As part of the Sarcopenia and Physical fRailty IN older people: multi-componenT Treatment strategies (SPRINTT) project, an evaluator-blinded, randomized controlled trial, Marzetti and colleagues evaluated 1,519 community dwelling adults. These adults lived in European countries and were aged 70 years or older with physical frailty and sarcopenia, which the researchers defined as a short physical performance battery (SPPB) score of 3 to 9. The mean age of the study cohort was 78.9 years; 1,088 participants were women.
In total, 760 participants were randomly assigned to moderate-intensity physical activity twice weekly at a center and four times weekly at home, in addition to personalized nutrition counseling. The remaining participants were assigned to a control group with education on healthy aging received once monthly.
The researchers categorized mobility disability as an inability to independently walk for 400 m, or less than 15 minutes.
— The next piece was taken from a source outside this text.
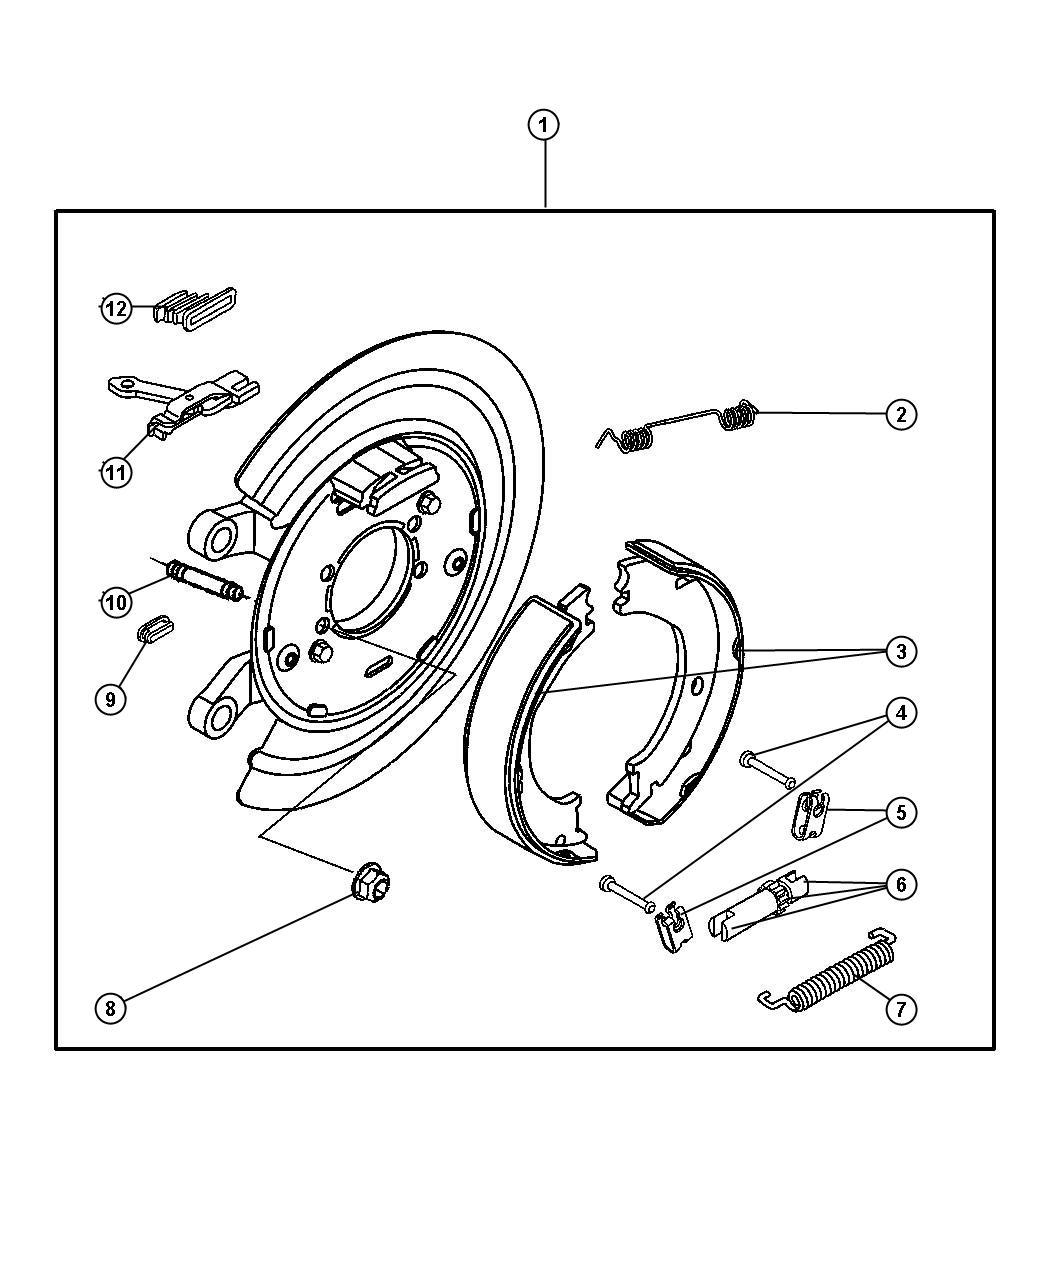 2003 Dodge Ram 2500 Adapter  Adapter Assembly  Parking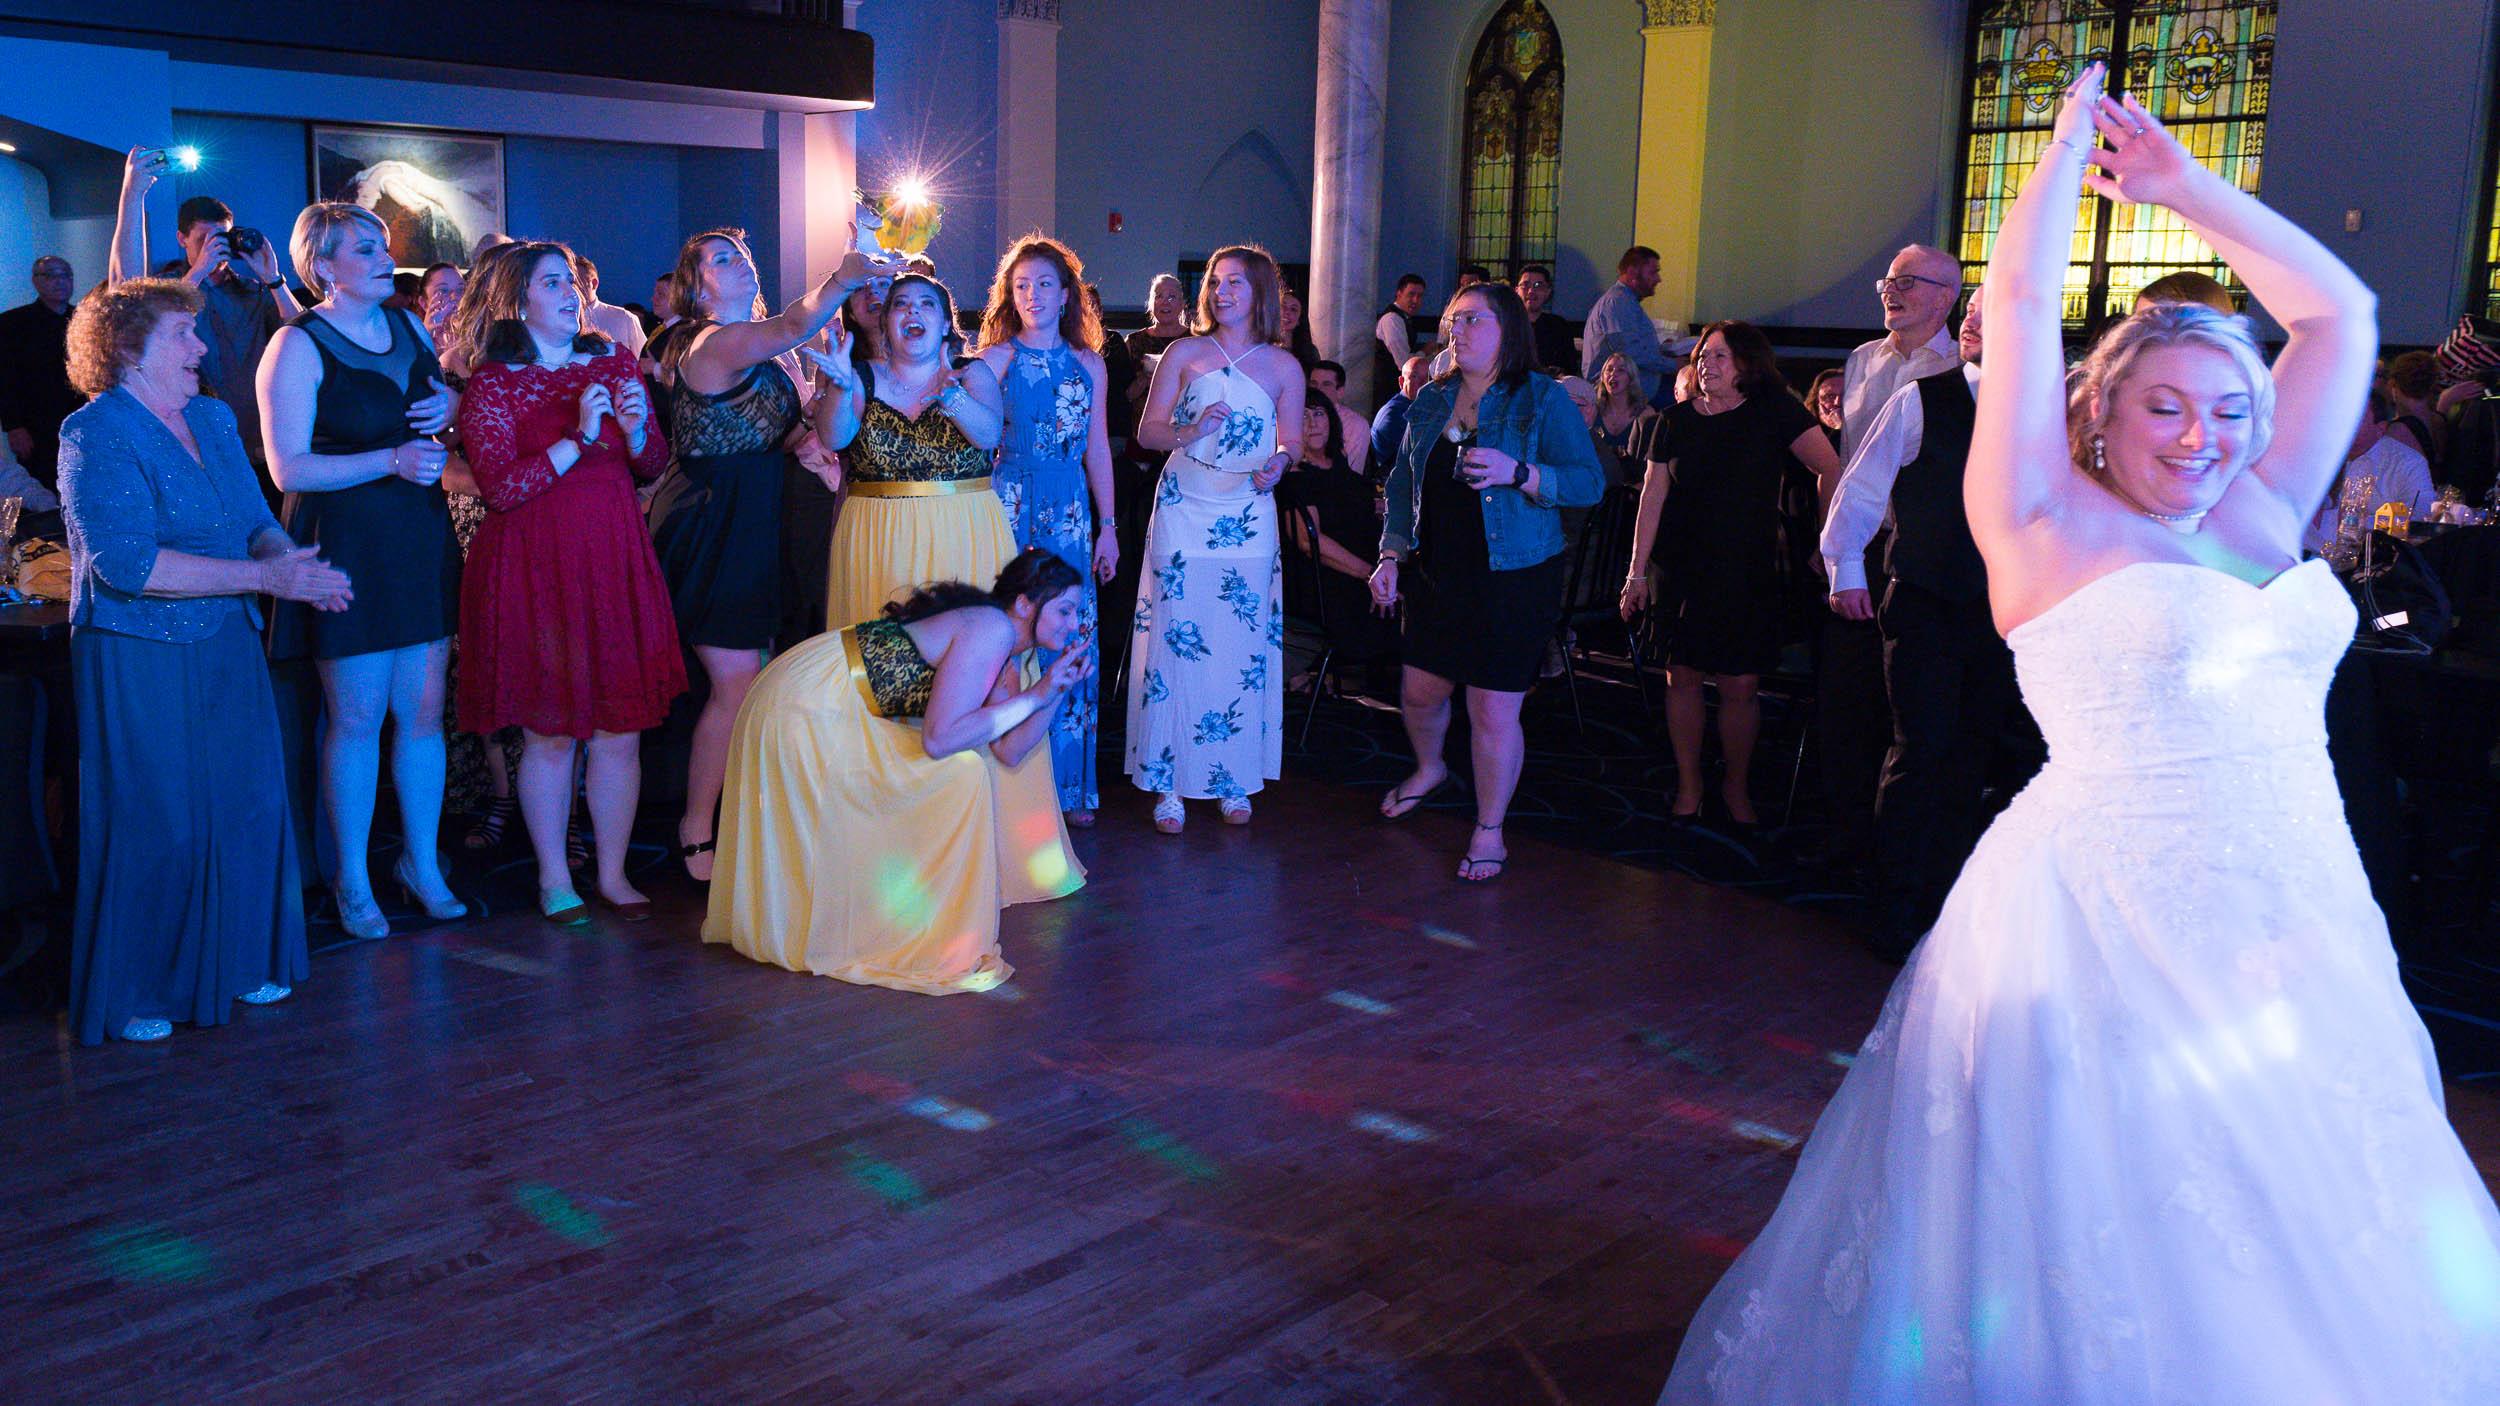 Wedding-Reception-Cefelos-Banquet-Event-Center-10.jpg

Persistent mobility disability was an inability to walk 400 m two consecutive times. The average follow-up was 26.4 months.
Marzetti and colleagues reported that mobility disability occurred in 46.8% of participants in the intervention group with SPPB scores of 3 to 7. Comparatively, 52.7% of participants in the control group who had SPPB scores of 3 to 7 were considered mobility disabled (HR = 0.78; 95% CI, 0.67-0.92). For participants with SPPB scores of 8 or 9, mobility disability occurred in 29.7% of participants in the intervention group and in 23.9% of participants in the control group (HR = 1.25; 95% CI, 0.79-1.95).
Persistent mobility disability occurred in 21% of participants with SPPB scores of 3 to 7 in the intervention group and 25% of participants with the same scores in the control group (HR = 0.79; 95% CI, 0.62-1.01).
At 24 and 36 months, the intervention group had a greater increase in SPPB scores than the control group (least squares mean difference = 0.8 points; 95% CI, 0.5-1.1 at 24 months; 1 point; 95% CI, 0.5-1.6 at 36 months), according to the researchers. A decline in handgrip strength at 24 months was less pronounced in women assigned to the intervention (P = .028). Moreover, women in the intervention group lost 0.24 kg (95% CI, 0.1-0.39) and 0.49 kg (95% CI, 0.26-0.73) less appendicular lean mass than women in the control group at 24 and 36 months, respectively.
While there was a high rate of serious adverse events, impacting 39.2% of participants assigned to the intervention, this was comparable to the rate of serious adverse events among participants in the control group (36%), according to the researchers.
“U.S. and E.U. data indicate that about 13% of community dwelling adults aged 70 years and older have mobility disability,” Marzetti and colleagues wrote. “Almost half of participants in SPRINTT developed mobility disability over 36 months, indicating that the condition of interest is clinically relevant and identifies an important public health problem.”
They concluded that the findings indicate a multicomponent intervention may be used a strategy to preserve mobility in older people at risk of disability.